Ошибаешься, Лёха, – сказал неожиданно погрустневший друг, – Кольцовых в русской литературе столько, что обо мне вспоминают в последнюю очередь. Вот с твоей фамилией я бы точно не потерялся.

 

Прошёл ещё месяц на водочной линии. Всё оставалось по-прежнему. Гоги, как мысленно стал называть Корытин директора вслед за Серёгой, твердил, что денег нет. Наконец Алексей понял, что его дурят, и уволился в тот же день.

Правильно, – сказал Серёга, увидев, как складывает Корытин принесённый из дома инструмент, – теперь он тебе заплатит, никуда не денется.

А ты?

У меня тут, сам видишь, кормушка. В смысле поилка.

«Первый блин, как и положено, комом», – решил Алексей, возобновляя походы по предприятиям и изучение газет с вакансиями. Накатили первые настоящие морозы, снега осы́пали Таинск, бинтуя безнадёгу поздней осени, солнце вставало в радужной дуге ложных солнц, и город празднично искрился. В один из таких дней Корытин, скорее для очистки совести, чем надеясь на удачу, заглянул в отдел кадров большого машиностроительного завода.

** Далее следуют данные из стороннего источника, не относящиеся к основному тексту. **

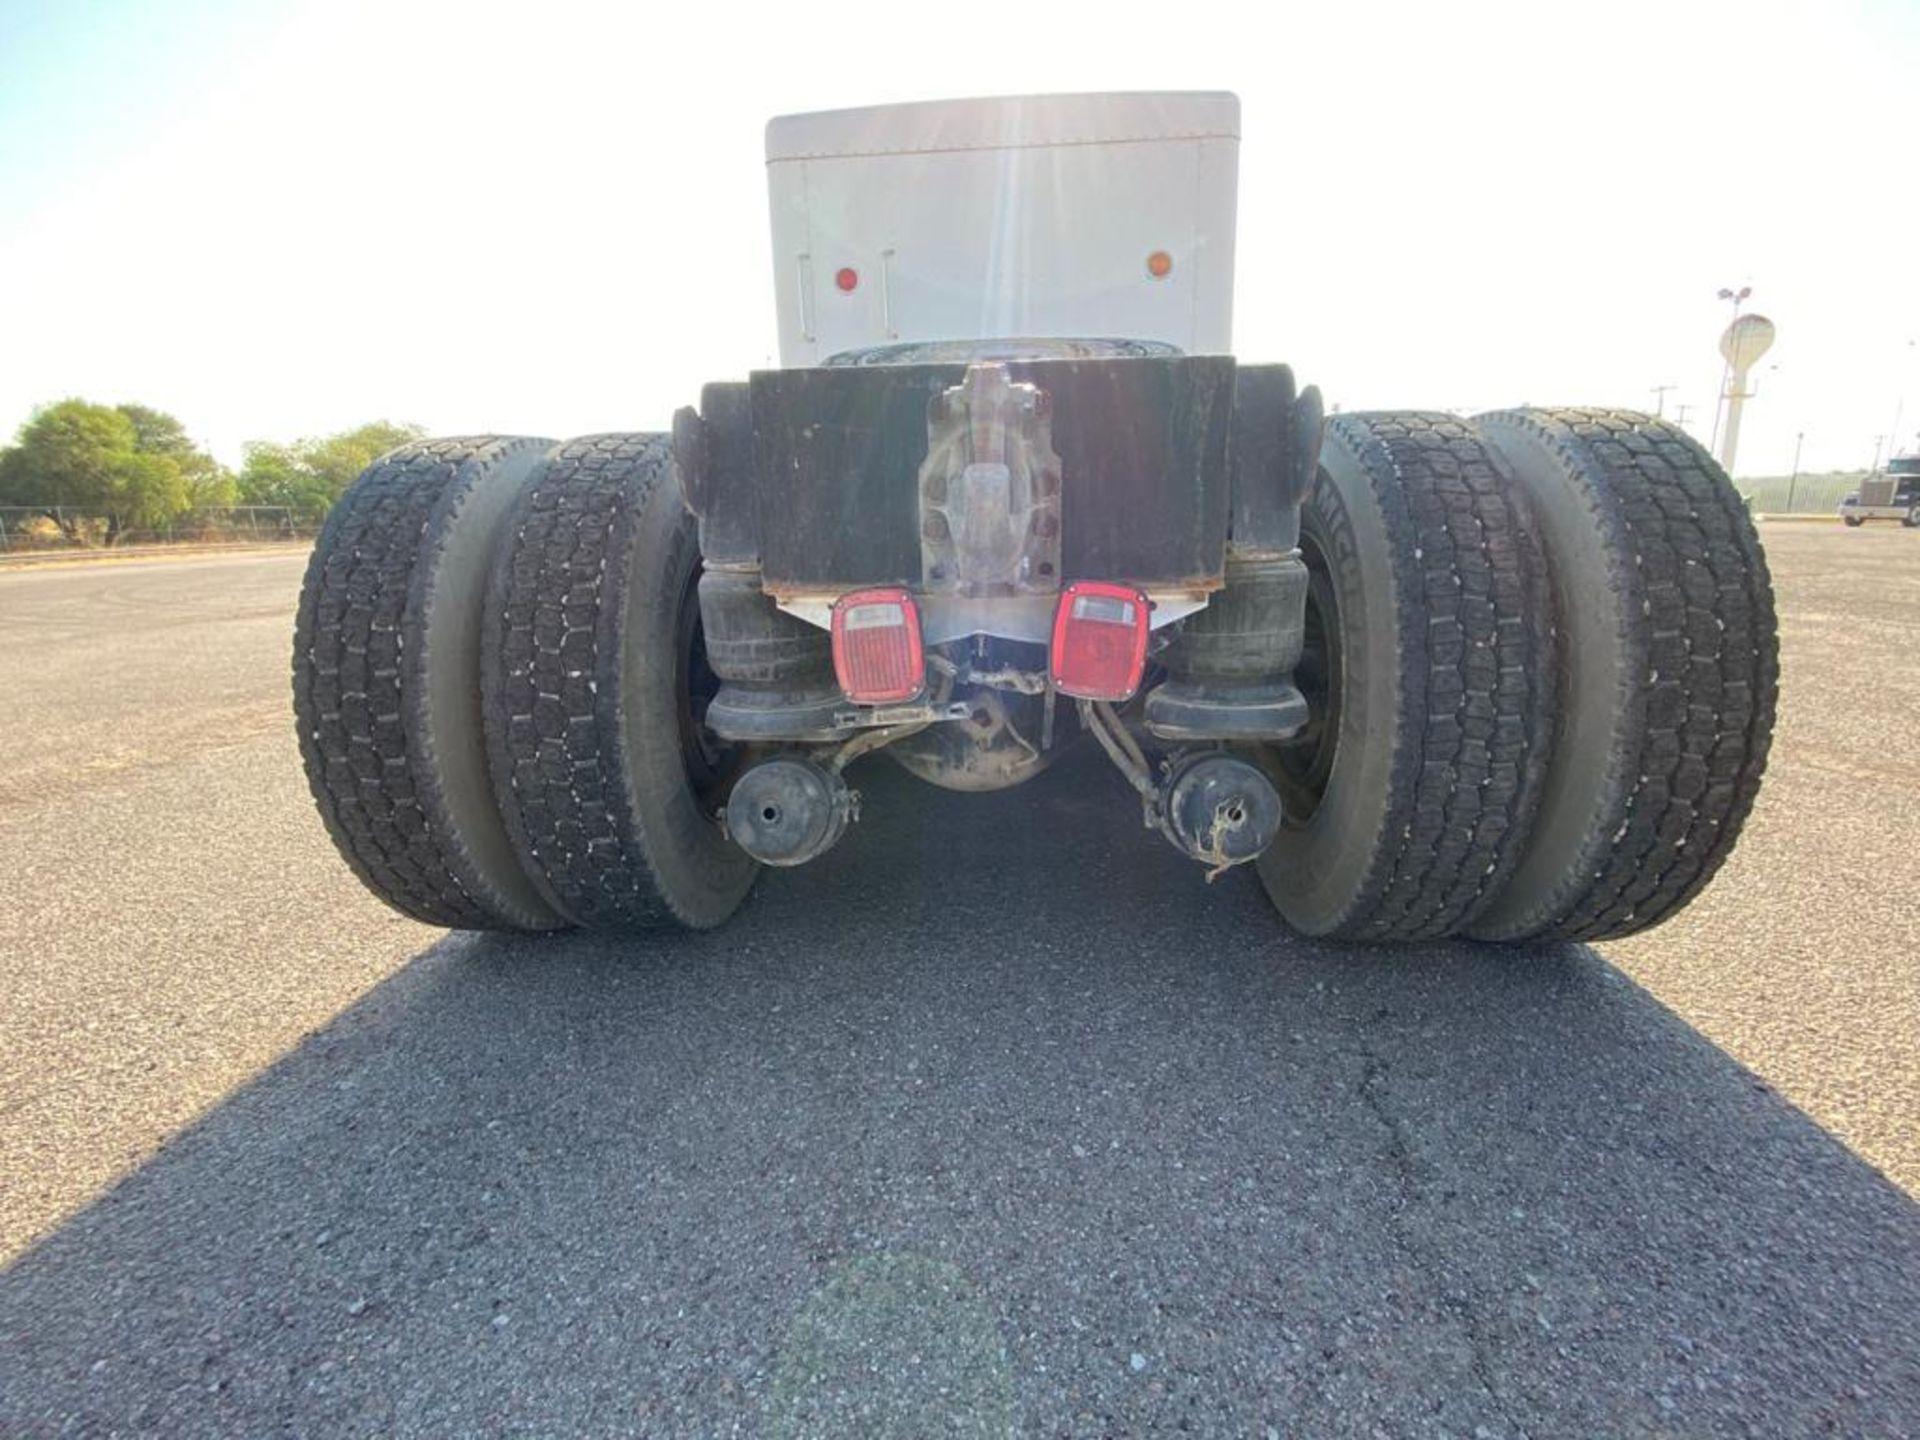 1998 Kenworth Sleeper Truck Tractor, standard transmission of 18 speeds - Image 21 of 55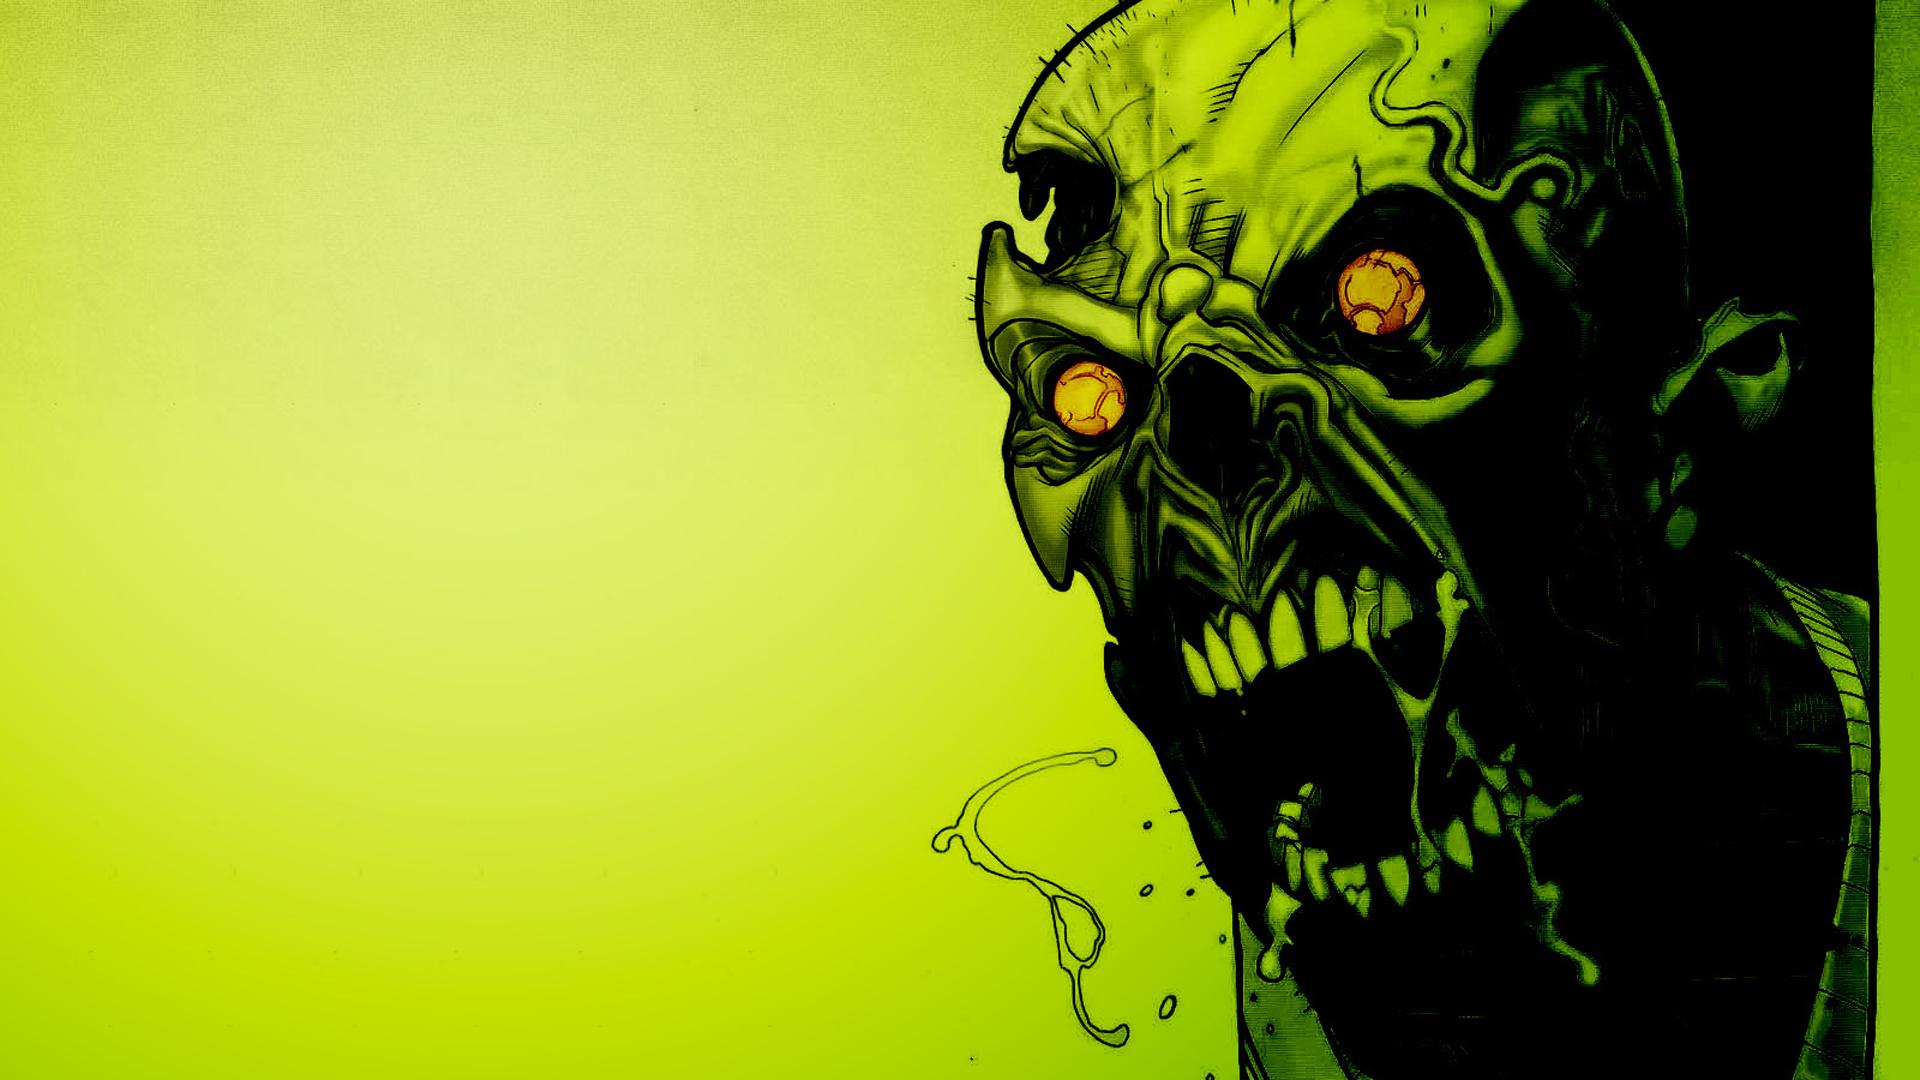 Zombies wallpaper   330646 1920x1080

И оттуда отправился на собеседование.

 

Глава 2. Алкаши

 

Ремонтный участок Петряева обслуживал несколько цехов. Сам Петряев собирался на повышение:

Быков переводит меня главным механиком завода. Начальником участка станет Иван Прохоренко. Он сейчас в отпуске. Я ему дал возможность отдохнуть. А ты принимай его бригаду. И цех, который он обслуживает.

Корытин знал уже, что Быков – главный инженер завода. И что предыдущий главный механик уволился, не выдержав тяжёлого характера Быкова. Алексей с первой минуты знакомства пытался вспомнить, где он видел Петряева раньше, и теперь вспомнил. Они учились на одном курсе, жили в одном общежитии и даже какое-то время в комнатах по соседству. А ещё вспомнил, что Петряева в те годы изредка именовали Хитряевым за умение не упускать из вида свой интерес. Когда в учёбе наступала запарка, многие студенты, и Корытин тоже, навёрстывали отставание по ночам. И не раз случалось, что посреди ночи в комнату всовывалась голова кого-нибудь из соседей: «У вас хлеб есть? А сахар? А рупь до стипендии?». Случалось и Лёшке ходить ночью по соседним комнатам, предварительно убедившись, что там горит свет: неписаный, но почти всеми соблюдавшийся закон запрещал лезть туда, где все уже уснули. Приходилось ему заглядывать и в комнату, где жил тогда Петряев. И если оказывалось, что единственным не спящим в этой комнате был он, Корытин продолжал поиски. А если кто-то ещё, то находились или полбулки хлеба, или ложка сахара, или рубль до стипендии. Впрочем, жмотом Саша Петряев не был, в складчинах не хитрил и взятые взаймы деньги возвращал без напоминаний.

Я тебя вспомнил, – сказал Петряев, – ты у горняков учился.

А ты у технологов.

Вот и познакомились. Иди знакомься с бригадой.

 

Слесарное помещение бригады Прохоренко, а с этого дня бригады Корытина, пустовало, только парень в жёсткой брезентовой робе сварщика сидел за столом, опершись подбородком о поставленные один на другой кулаки, будто задумался или придремал. Он поднял голову на «здравствуйте» Корытина:

Здравствуйте. Вы наш новый механик? Сан Сергеич говорил. А меня зовут Паша. Разин. Мужики старую линию на запчасти разбирают. Пойдём, покажу.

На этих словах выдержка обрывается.